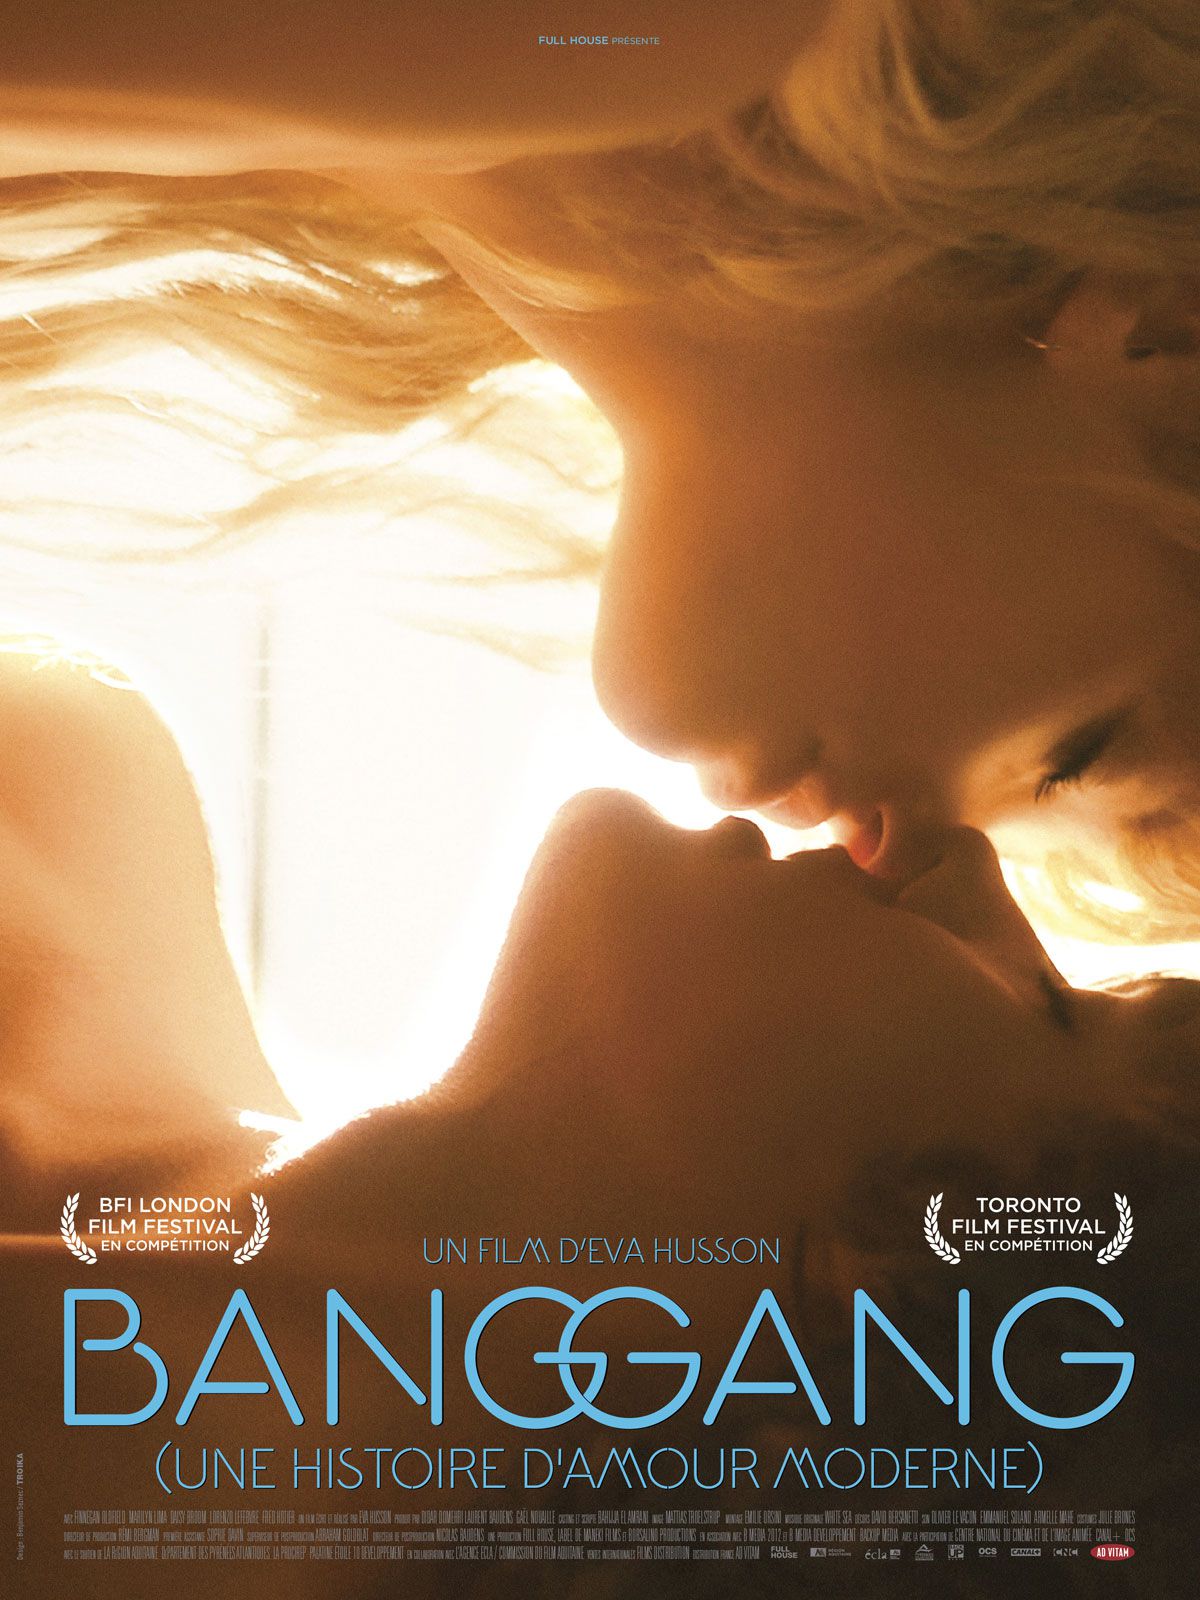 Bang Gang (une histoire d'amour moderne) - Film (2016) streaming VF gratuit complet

########

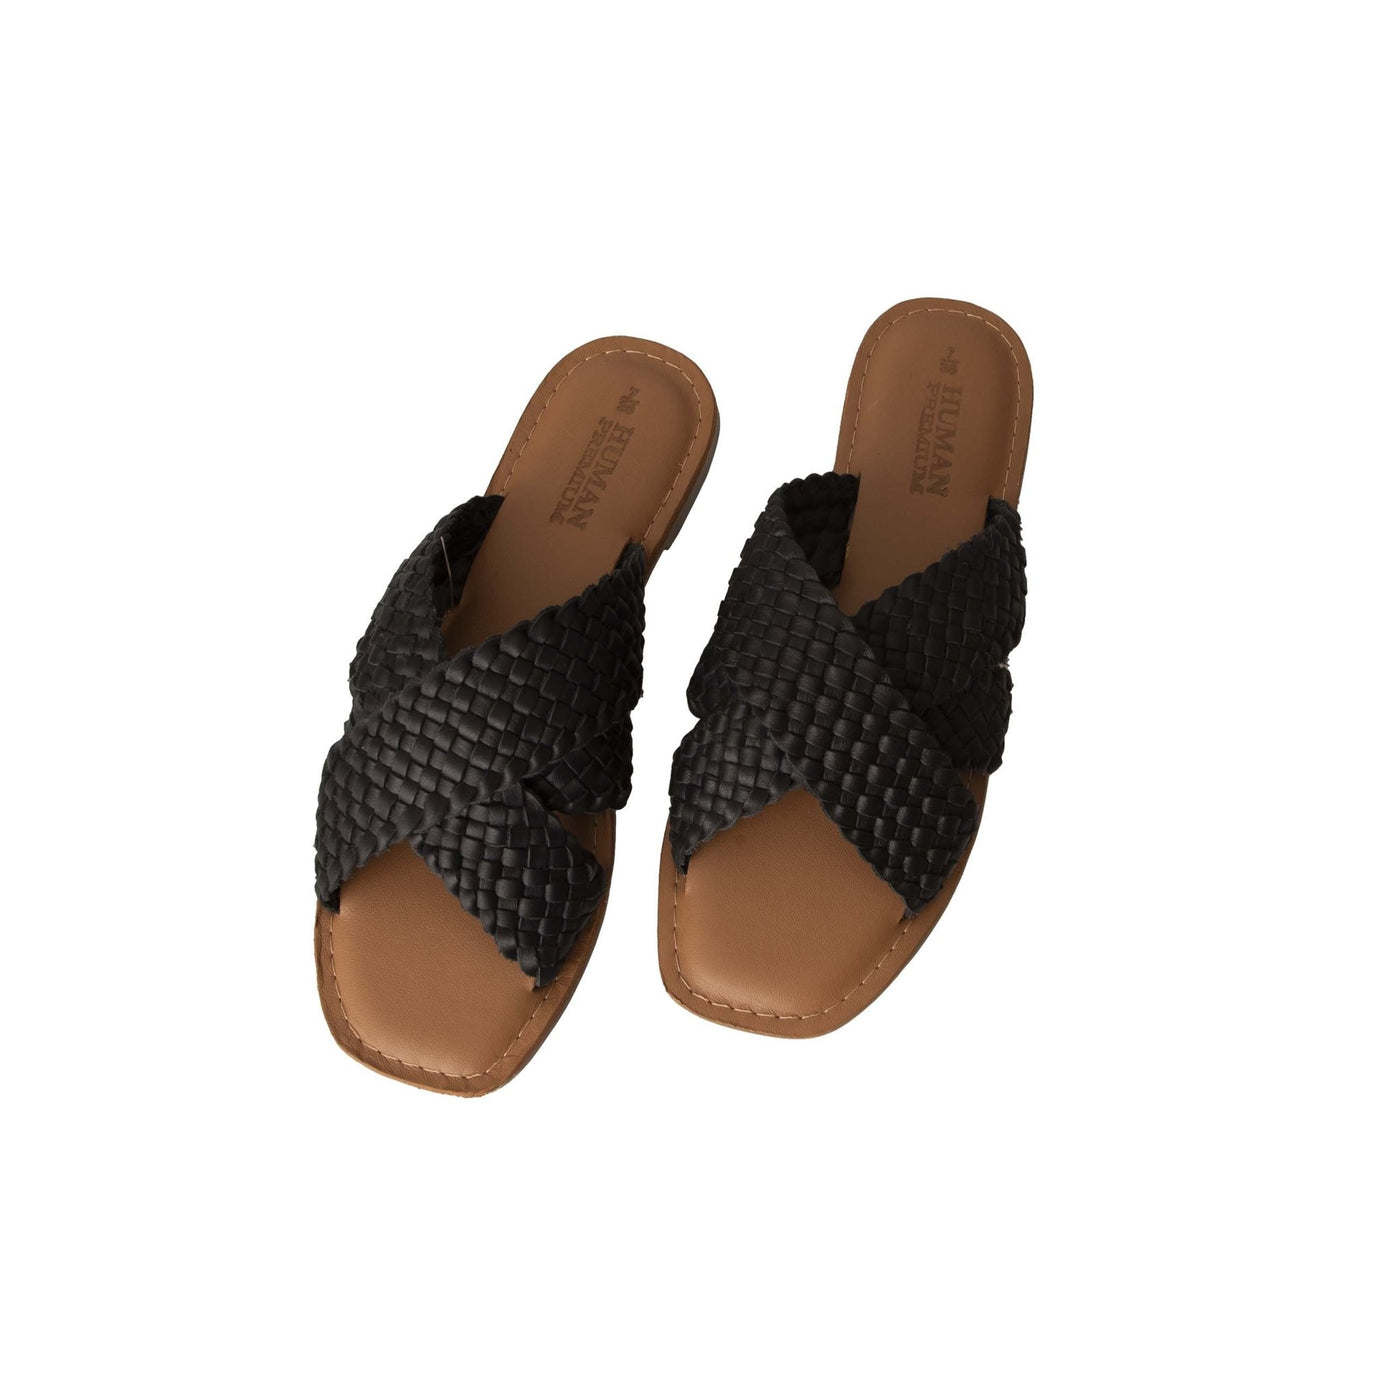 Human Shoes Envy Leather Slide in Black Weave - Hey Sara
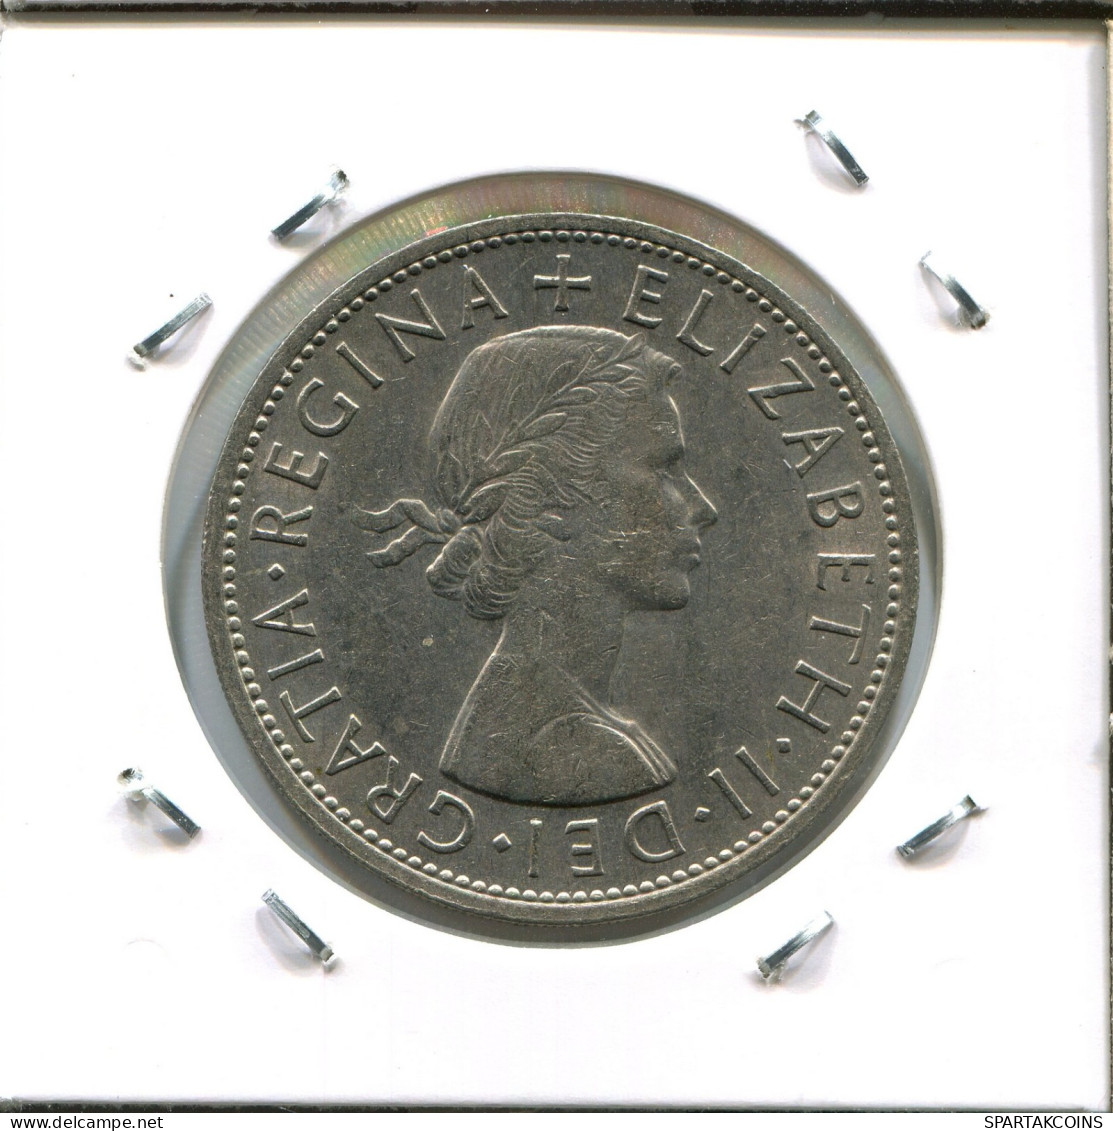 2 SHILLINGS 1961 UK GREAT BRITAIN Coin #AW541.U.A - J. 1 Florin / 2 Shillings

########

• **Exercise directions**: Retype the lines above exactly as they appear, from the line containing "Human Shoes Envy" through the line containing "2 SHILLINGS 1961", and leave out any pictures.

• **Result below**:
 Human Shoes Envy Leather Slide in Black Weave - Hey Sara
 2 SHILLINGS 1961 UK GREAT BRITAIN Coin #AW541.U.A - J. 1 Florin / 2 Shillings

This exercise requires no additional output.